The Group Practice Manager in the VHA: A View From the Field
The Veterans Health Administration implemented the group practice manager position at 5 diverse prototype sites to improve clinical practice management and increase access to care.
Cynthia LeRouge is an Associate Professor in the Department of Information Systems and Business Analytics at Florida International University in Miami. Savitha Sangameswaran is a Doctoral Student at the Department of Biomedical Informatics and Medical Education; Bianca Frogner is an Associate Professor, Director for the Center for Health Workforce Studies, and Deputy Director of the Primary Care Innovation Lab; and Cyndy Snyder is an Affiliate Assistant Professor, all at the University of Washington School of Medicine in Seattle. Lisa Rubenstein is Professor Emeritus at the University of California Los Angeles Schools of Medicine and Public Health and a Senior Scientist at the RAND Corporation. Susan Kirsh is the Acting Assistant Deputy Undersecretary for Access to Care at the Veterans Health Administration. George Sayre is a Health Services Researcher at the VA Seattle-Denver Center of Innovation for Veteran-Centered and Value-Driven Care and Clinical Assistant Professor in the Department of Health Services at the University of Washington. Correspondence: George Sayre (george.sayre@va.gov)
Author disclosures The authors report no actual or potential conflicts of interest with regard to this article.
Disclaimer The opinions expressed herein are those of the authors and do not necessarily reflect those of Federal Practitioner, Frontline Medical Communications Inc., the US Government, or any of its agencies.

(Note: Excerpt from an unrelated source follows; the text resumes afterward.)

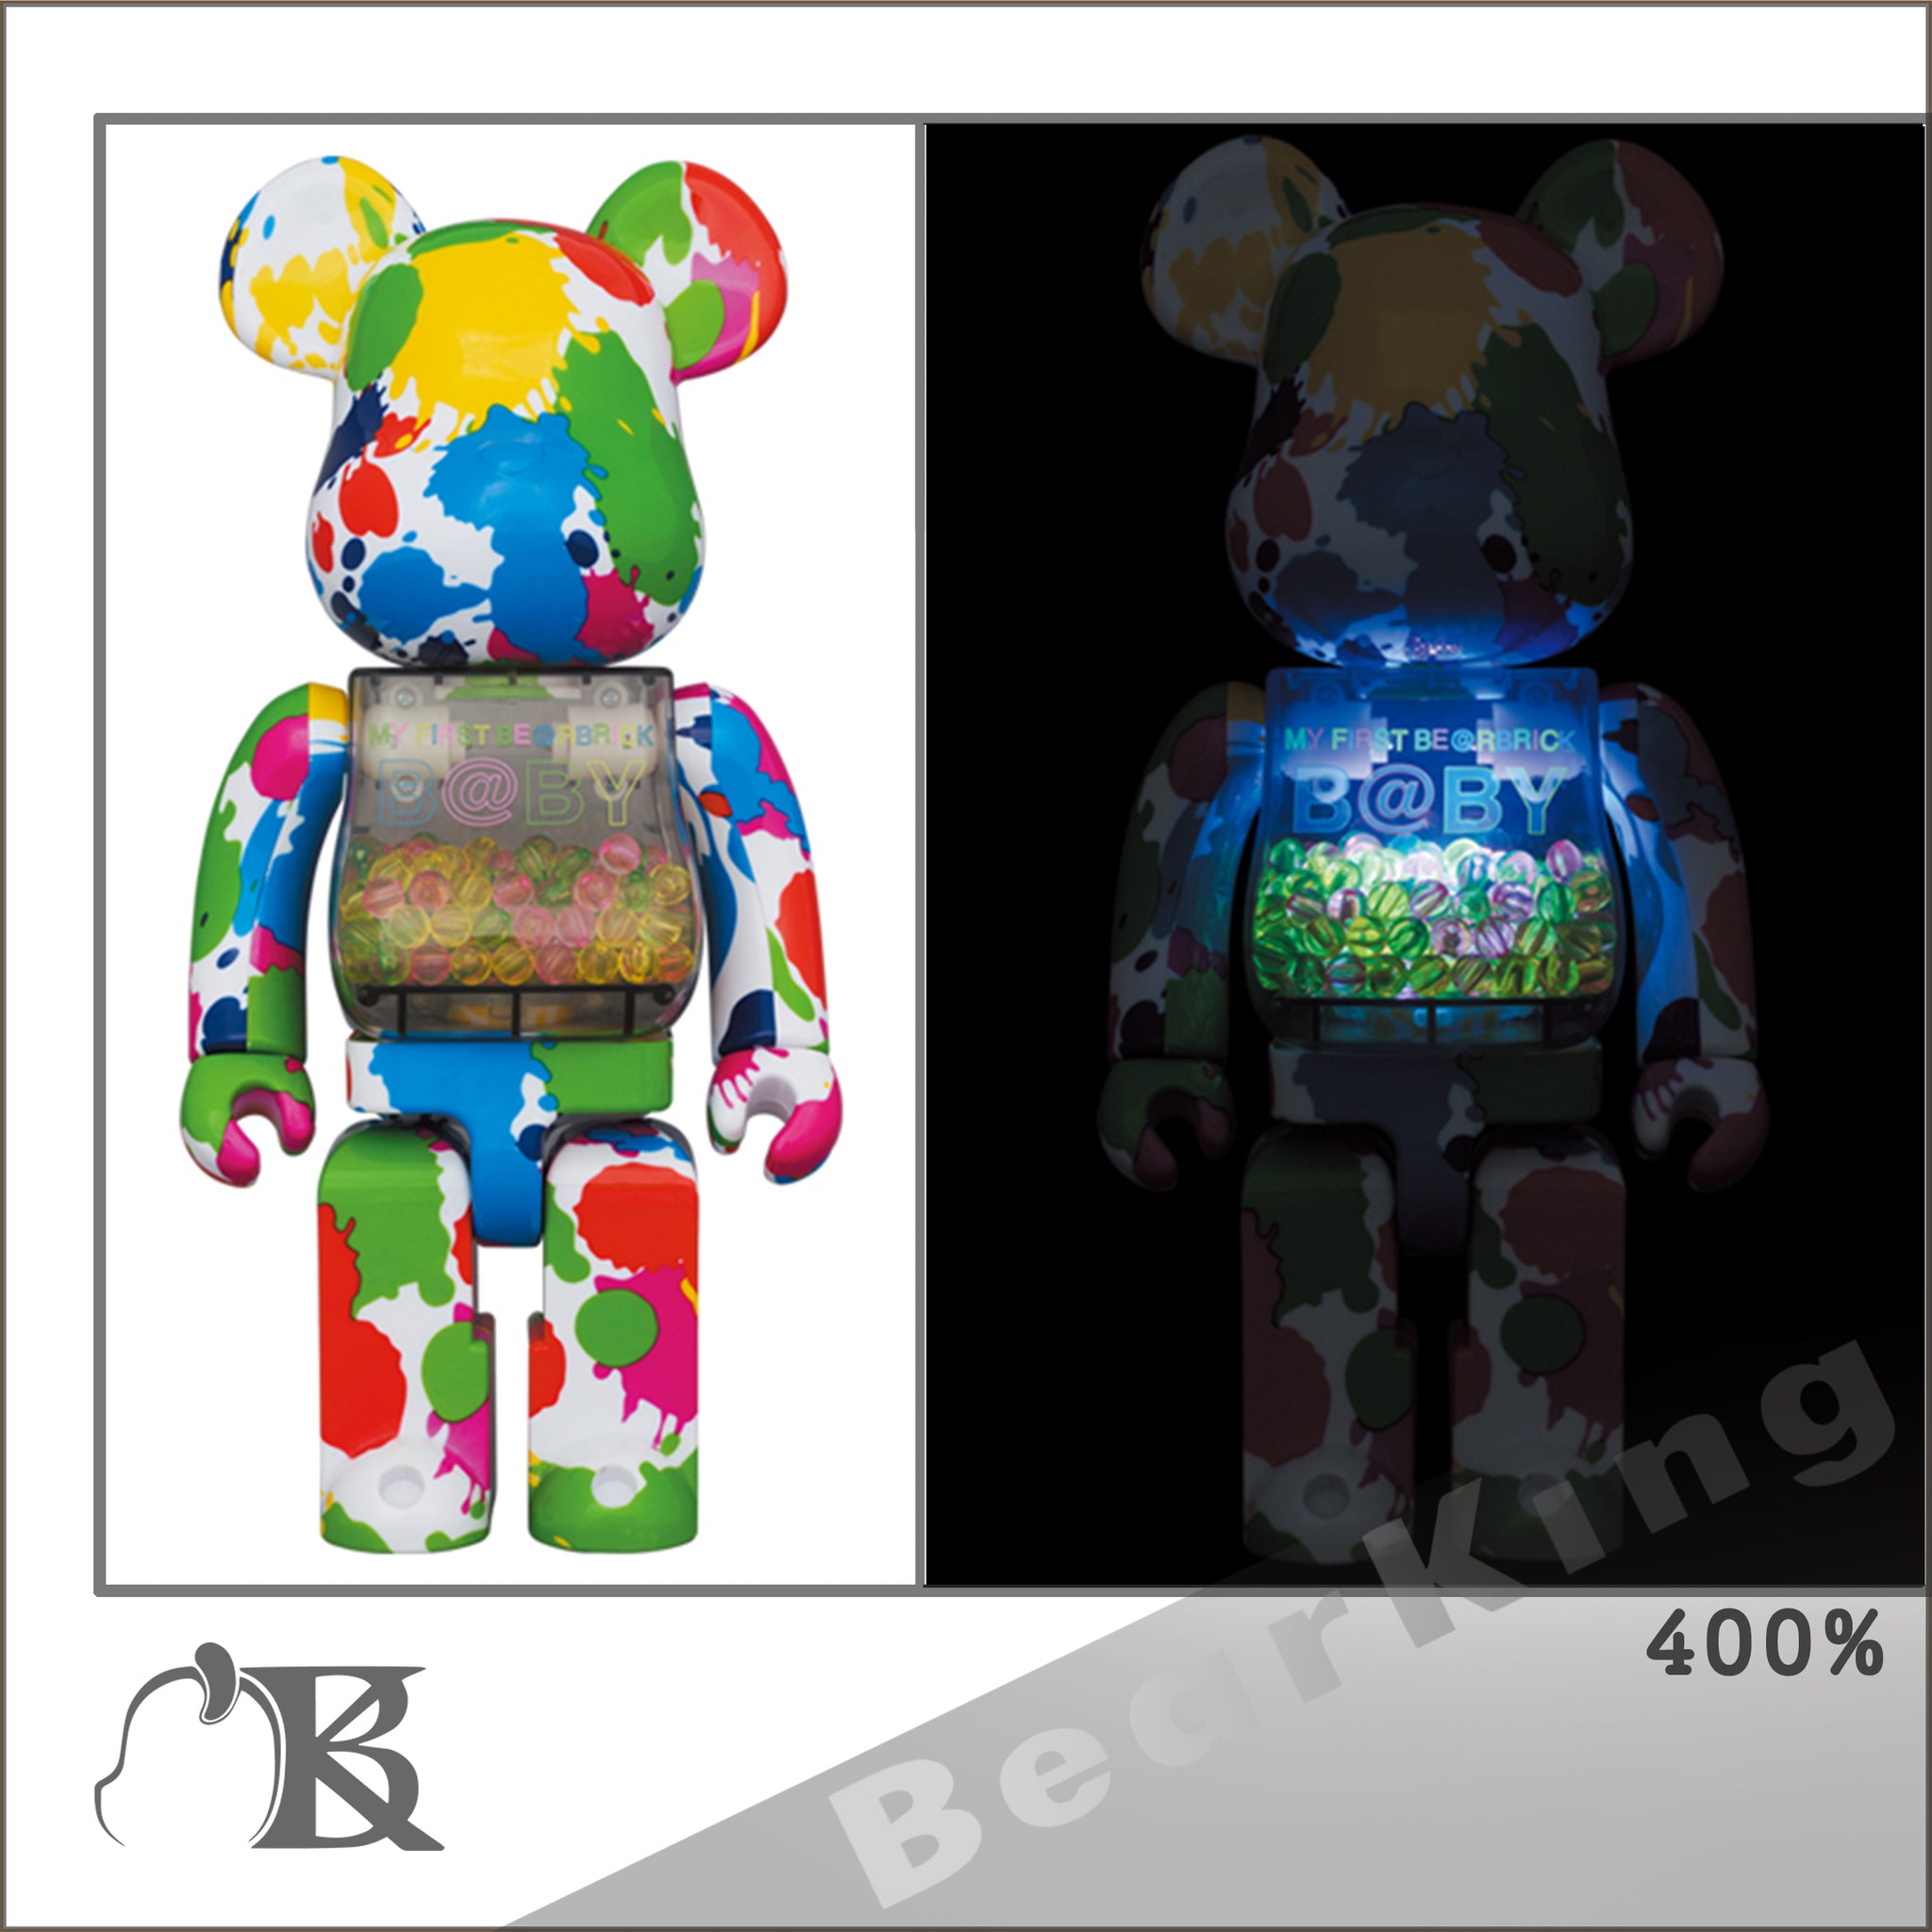 MY FIRST BE@RBRICK B@BY CLEAR BLACK CHROME Ver. 100％ & 400％ Baby

Limitations and Future Work
This study was based on a small initial sample of pilot sites of varying sizes and, as such, may not reflect the experience of all VHA GPMs. In addition, the use of snowball sampling, while facilitating identification of key stakeholders, may introduce bias in participant sampling. Nonetheless, the results from this study provide findings that informed the national VHA GPM initiative and can inform further studies of practice management roles outside of the VA.

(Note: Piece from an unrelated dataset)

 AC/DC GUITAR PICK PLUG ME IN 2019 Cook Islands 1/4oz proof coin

Further study of the VHA GPM implementation and similar roles in other health care systems is needed. As the GPM position is fully implemented across the VHA, large scale evaluation is needed to gain a more representative picture and allow for comparison of the GPM role at various types of facilities (eg, size, rurality, complexity, ranking based on access performance metrics).
Conclusion
Improving access to care is a central goal for health care systems. The incorporation of the GPM role is an innovative approach to improve access management strategies. Early study of prototype sites provided VHA leadership with valuable insights used to influence further rollout of this initiative. Based on our findings, national and local support are important to ongoing success. National access mandates, training, and resources should focus on ensuring sufficient GPM authority, enabling GPMs to use data, and ensuring GPMs engage with frontline clinical and administrative staff to improve veteran access to care.